Toronto

Ontario rolling out rapid COVID-19 tests to some high-risk schools, child-care settings

Ontario will provide rapid COVID-19 tests for some schools and child-care settings to help ensure students can continue with in-person learning as much as possible, the province's chief medical officer of health said Tuesday.

Rapid tests will be provided at request of local public health units

Dr. Kieran Moore, Ontario's chief medical officer of health, said Tuesday that targeted rapid COVID-19 screening is another 'tool in the tool chest' to curb school-related cases and outbreaks. (Chris Young/The Canadian Press)

Ontario will offer rapid COVID-19 tests to some schools and child-care settings to help ensure students can continue with in-person learning as much as possible, the province's chief medical officer of health said Tuesday.

Dr. Kieran Moore announced the new rapid antigen screening program at a morning news conference.

Tests will only be provided to unvaccinated, asymptomatic children who are not considered high-risk contacts of a positive COVID-19 case, Moore said. In Ontario, children 11 and under are not yet eligible to be vaccinated against the novel coronavirus.

Local public health units will have discretion in requesting the tests, Moore added, based on several key factors like the level of virus transmission and vaccination rate in the community where a school is based, and the history of COVID-19 in a particular school or child-care facility.

Participation in the screening program is optional and tests will be conducted at home.

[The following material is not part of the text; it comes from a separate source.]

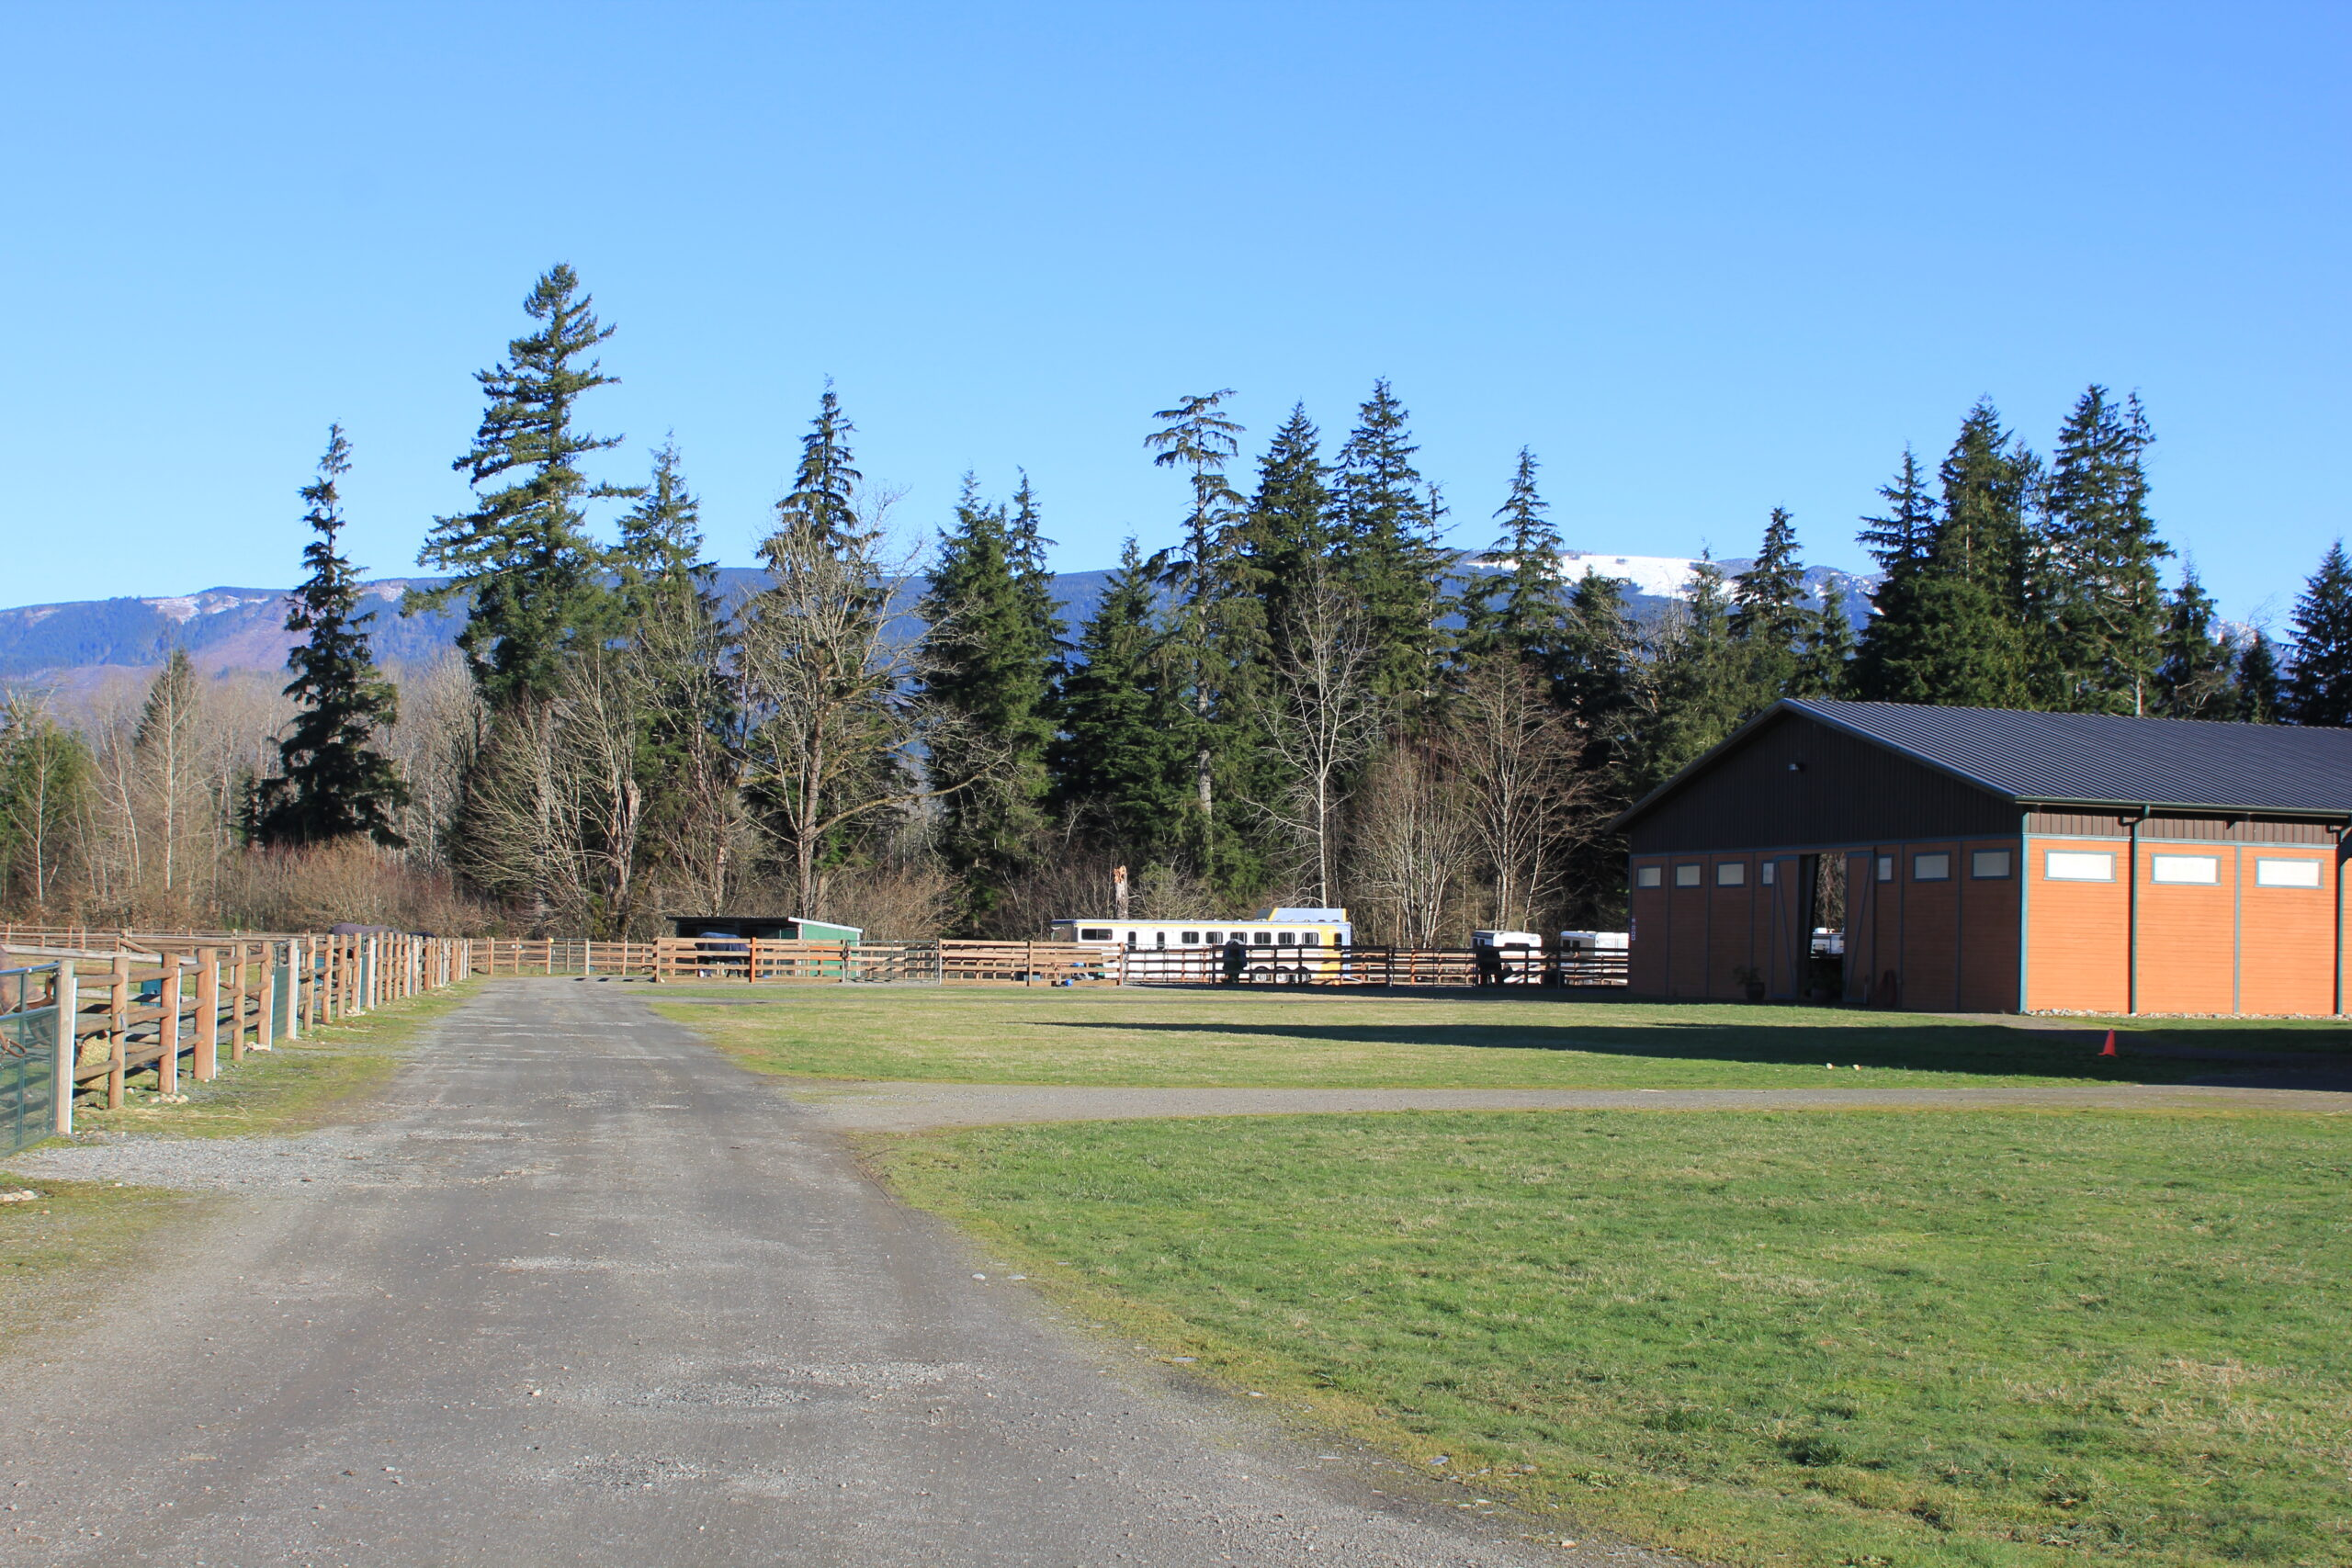 Driveway to barn

Children who test negative can continue with in-person classes. Those who test positive will need to undergo lab-based, PCR testing and isolate until the results of the second, more accurate test is known, Moore said.

Rapid antigen tests are "another tool in the tool chest" when it comes to curbing school-related cases and outbreaks and keeping students in class, he said.

WATCH | Why Ontario is introducing COVID-19 rapid tests in some schools:

Why Ontario is introducing COVID-19 rapid tests in some schools

3 years ago
Duration 1:36
Ontario's chief medical officer of health, Dr. Kieran Moore, explains why it took a month of school before the province decided to use COVID-19 rapid tests in selected schools. (Evan Buhler/The Canadian Press)

Roughly one-third of the province's 4,734 active COVID-19 cases are in people aged 18 and under. Moore said, however, that transmission within schools remains relatively low. 

Ontario said last week that a working group had been established to begin planning for vaccinations of children aged five to 11, though there is considerable uncertainty about how and when that effort will proceed.

Speaking yesterday, Education Minister Stephen Lecce said that about 80 per cent of education workers in Ontario have been fully vaccinated. Asked if he thought that was an acceptable level of vaccine coverage to keep schools safe, Moore said he would be personally "disappointed" if more workers in the sector were not immunized.

Today's announcement comes after groups of parents had organized surveillance testing for their schools using the rapid test kits, but the provincial government told agencies to stop distributing them to anyone but businesses.

Moore has said widespread asymptomatic surveillance testing in schools isn't recommended because in very low-risk settings rapid tests can produce more false positive results than true positives. False positives keep children out of school longer, Moore added, and lead to a "cascade of unnecessary PCR testing."

LISTEN | Dr. Susy Hota, an infectious disease prevention specialist with University Health Network, broke down the pros and cons of rapid testing on CBC Radio's Metro Morning:

All three of Ontario's COVID-19 advisory tables have also cautioned against mass asymptomatic testing for the province's two million students.

A targeted, "risk-based strategy" with rapid tests can aid in preventing and limiting transmission within schools, data from the United Kingdom and United States suggests, according to Moore.

Moore is also set to hold a weekly briefing on Thursday to update the province on the response to COVID-19.

Ontario logs 429 new COVID-19 cases

Meanwhile, Ontario reported another 429 cases of COVID-19 and the deaths of three more people with the illness on Tuesday.

The seven-day average of new daily cases fell to 576. 

Here are some other key pandemic indicators and figures from the Ministry of Health's daily provincial update:

Newly reported school-related cases: 250 (the numbers reported on Tuesdays reflect all of the cases from logged from 2 p.m. Friday to 2 p.m. Monday. Some 796 schools, or 16.4 per cent of Ontario's 4,844 publicly-funded schools, currently have at least one confirmed case. Six schools in the province are closed due to COVID-19.

Tests completed in the last 24 hours: 25,441.

Provincewide positivity rate: 1.8 per cent.

Active cases: 4,734.

Patients in ICU with COVID-related illnesses: 155, with 101 needing a ventilator to breathe.